MMA Fighting has the word:
"(It's) A trying day for me. I knew the retirement was coming, but as a competitor, you hate hanging the gloves up. So, not real happy about it, but the way it is, everybody's gonna grow older and I'm just excited to still be a part of the UFC and going to fill this role of Athletic and Government relations. Dana has always been, sometimes he's the boss, sometimes he's a brother and sometimes he's a dad. He came to me, with my wife, and said, ‘Hey, you don't need to compete anymore. I've got a position for you, we've been looking to fill it. You fit the role perfectly.' In the end, he's right, he's right. When you lose the last two like I did, where I think if the fight would have went all 15 minutes I would have won both of them, he's right. I'm just glad I've got a position here to keep me in the sport. If he hadn't said that, I would have already had (another) fight under my belt."
The former NCAA All-American wrestler intends to take his new role seriously, vowing to do it the only way he knows how even if UFC executives aren't in complete agreement. After all, he was never anyone's "puppet" and doesn't intend to become one anytime in the future.

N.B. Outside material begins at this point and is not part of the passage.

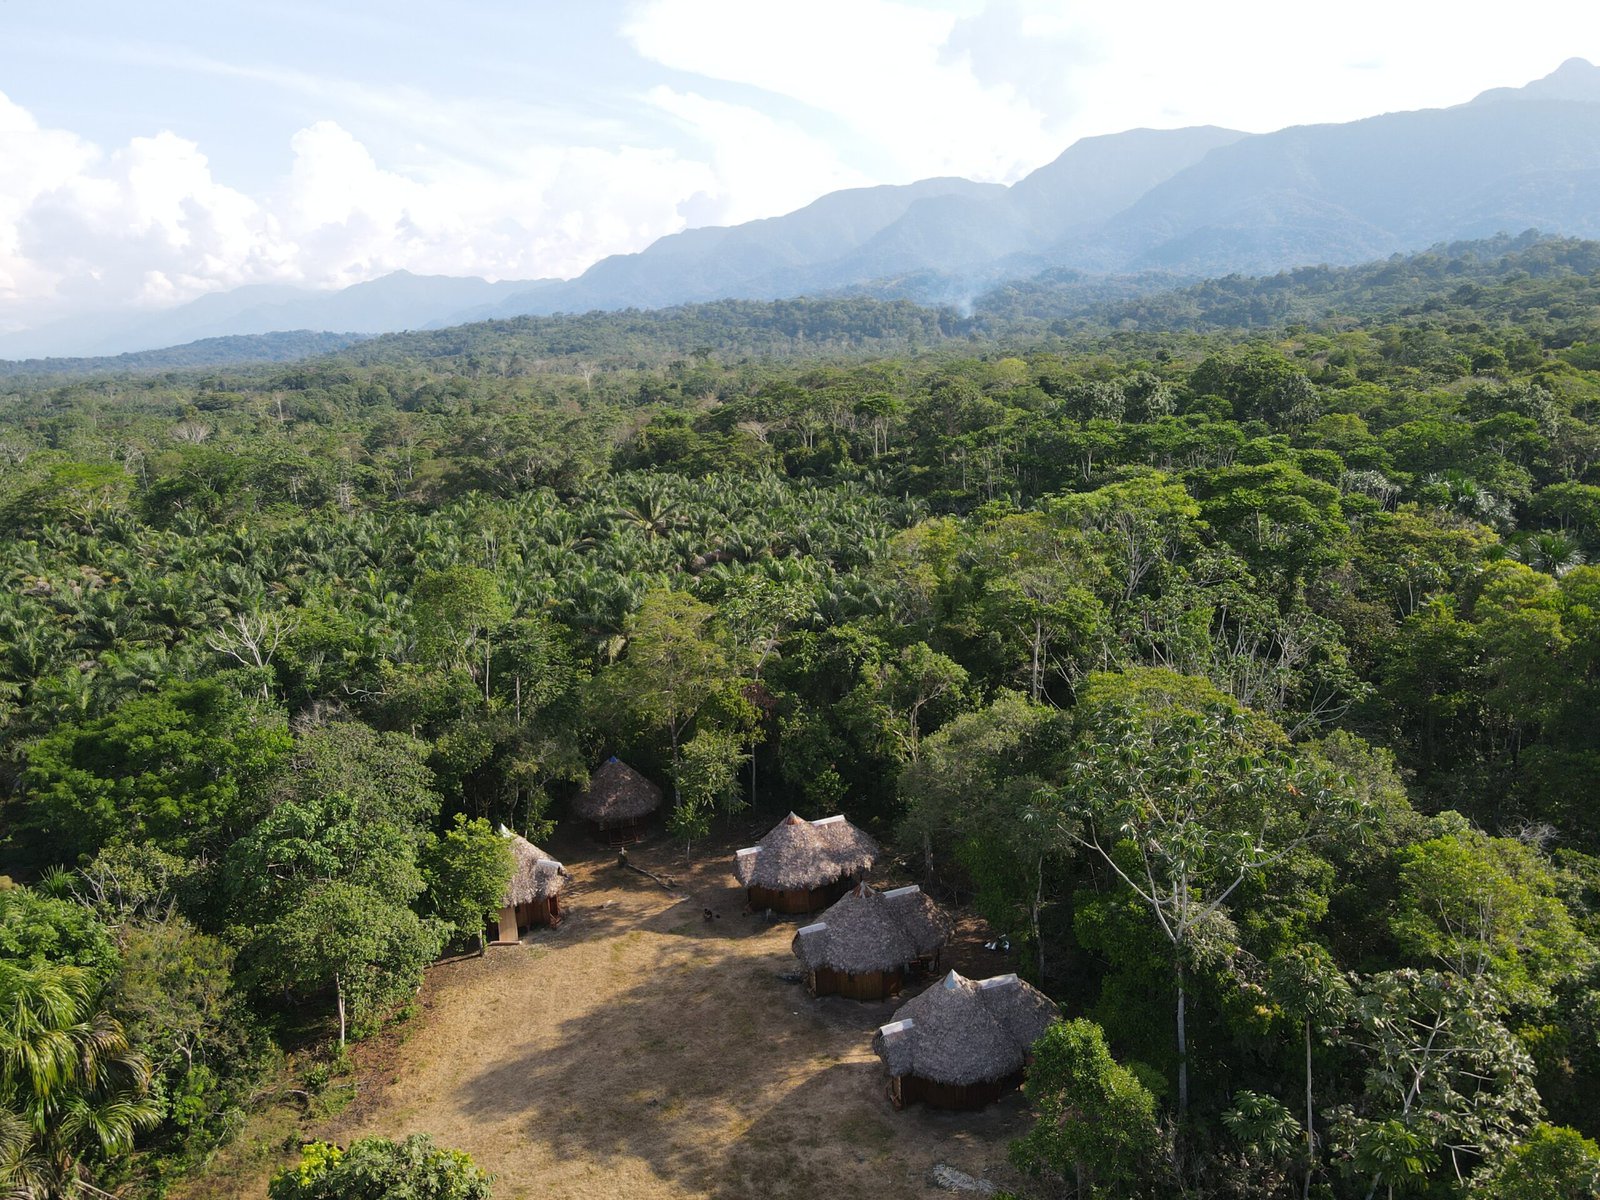 Ecotourism huts in the Yamino community.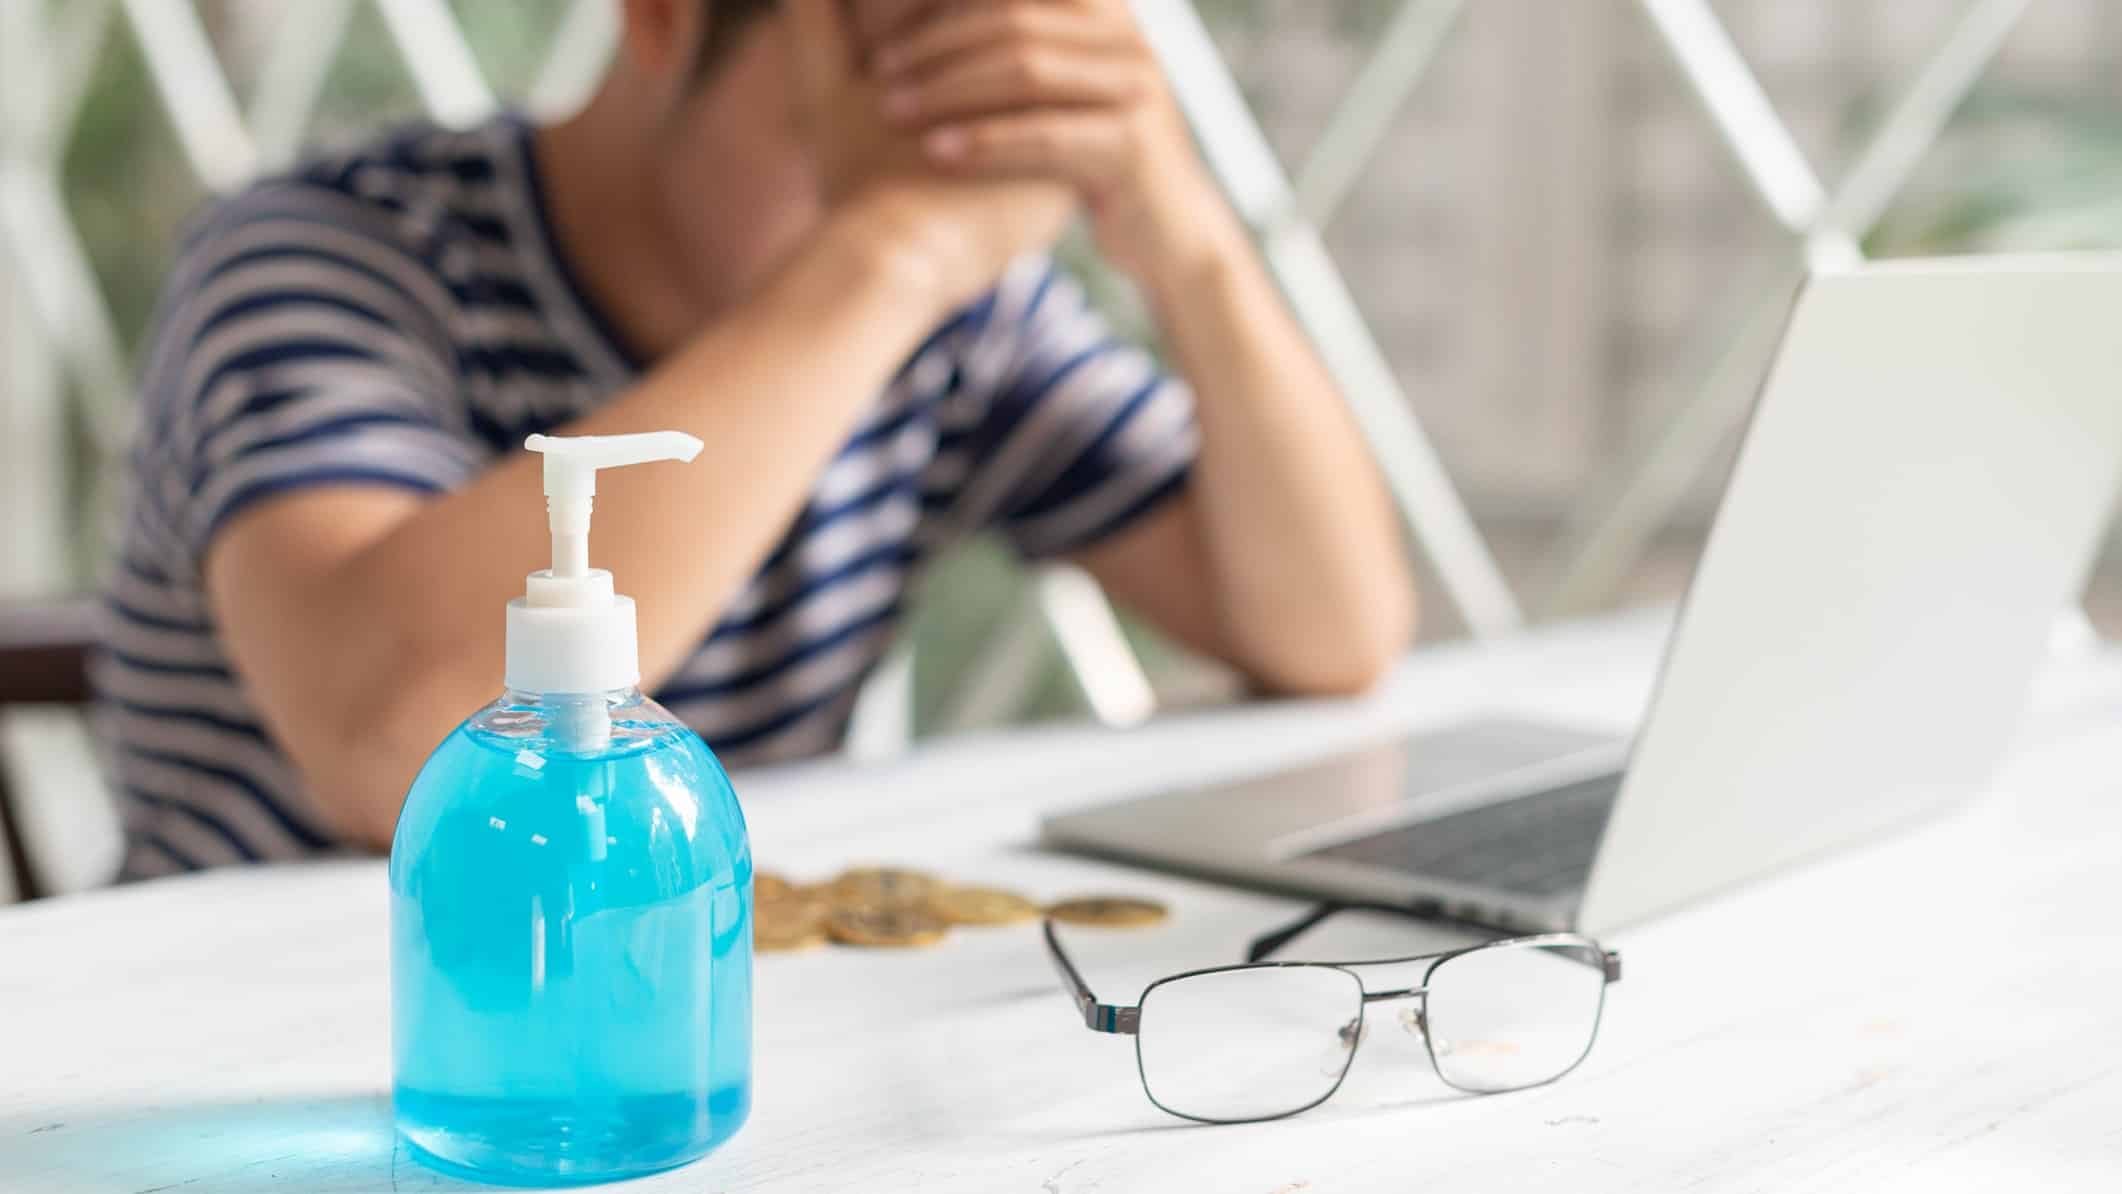 A man at a computers rests his head in his hands with a sanitiser bottle in the foreground

"Whenever they put a mic in my face, I always said and did what I wanted. I never was anybody's puppet. So, I'm going to do what I think is right and they want me to do what's right. They want to understand what's going on in a fighters mind sometimes. So, yes, I'm going to draw a paycheck from the UFC, but I'm there to give my perspective on whatever it is that arises. I don't think they have to worry about me siding with them and I don't think the fighters have to worry about that either. I'm going to do what I think is right."